10 ounces per plant? Are you serious? Thats nuts. How is the smoke? I may just have to look into some BB if thats the case.


----------



## stonedsmithy (Jul 17, 2007)

yeah mate the secrect is to start them nice in early so by the time they go into flower they are a good 4-5feet high,well you seen my 40ounce pnp plant didnt ya that was a good size before it went into flowering,an before i put em into the ground i chuck in some road kill an like rotton fish guts n heads etc they love that stuff


----------



## TheStickyIcky (Jul 17, 2007)

Dang, man. Thats awesome. Yeah, I saw the 40 ouncer. I may have to try some big bud. Is it sativa or indica dom?


----------



## stonedsmithy (Jul 17, 2007)

bigbud is a sativa/indica mix but with a skunkyish taste to it mmmmm bigbud


----------



## Kupunakane (Jul 17, 2007)

Yo-Ho Stone,
  I read about how the indians would toss in a fish when they planted maze, so yeah I guess makin use of nature is sorta smart. Buds like that sorta prove the point.
smoke in peace
KingKahuuna


----------



## MrPuffAlot (Jul 17, 2007)

wow..

the weights you quote, is that the final Dry/cured weight?

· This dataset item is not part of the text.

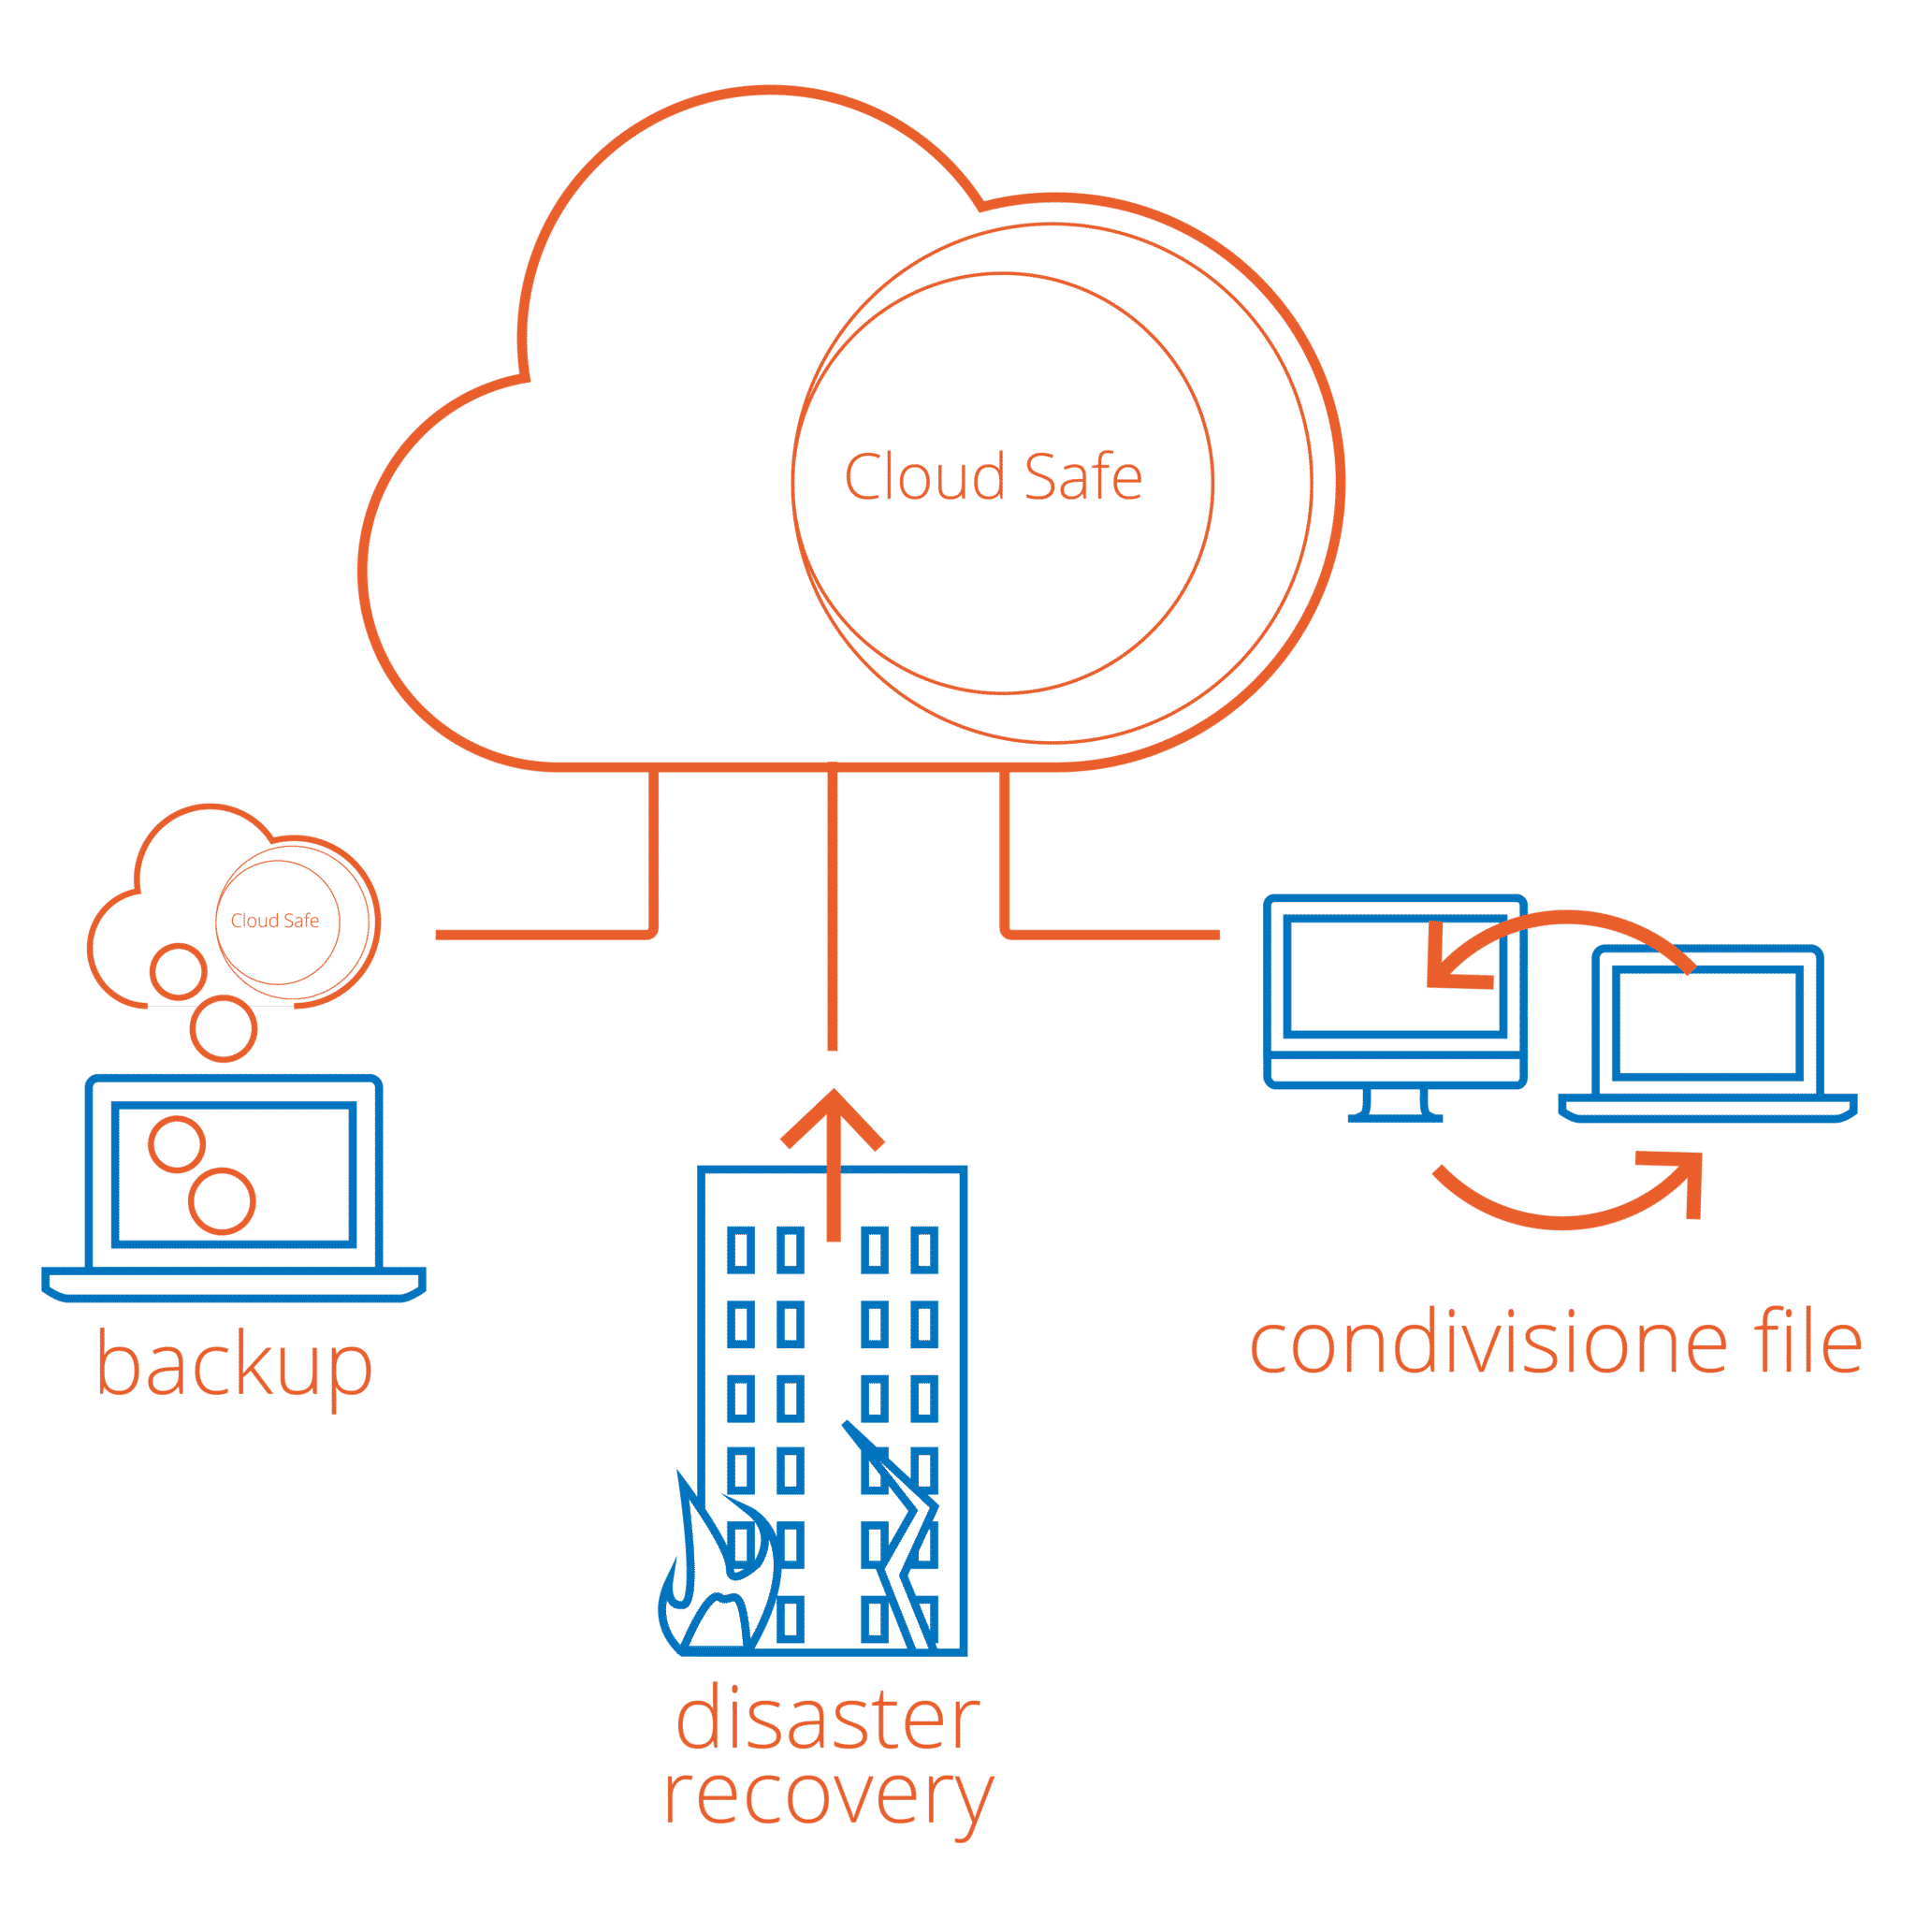 cloudsafe-servizi

man that BUD makes the lighter look like a MINI bic.


----------



## Kupunakane (Jul 17, 2007)

OH Damn,
  See what can happen to you when you smoke ?  Stare at that bud long enough and that bic lighter starts to look like a fire extinguisher, LMAO
 Yeah howdy then that would have to qualify as the biggest bud I ever saw. LOL
smoke in peace
KingKahuuna


----------



## stonedsmithy (Jul 18, 2007)

yeah mate that was dry weight an its the biggest cola ive ever grew before dont ask me how i did it but i did it lol,it was soo dence an heavy you coulda used it as a baseball bat it wack somebody an it prolly woulda left a dent in there head haha bring on dis outdoor season


----------



## BonesBUD (Jul 18, 2007)

thats huge, im jelous!


----------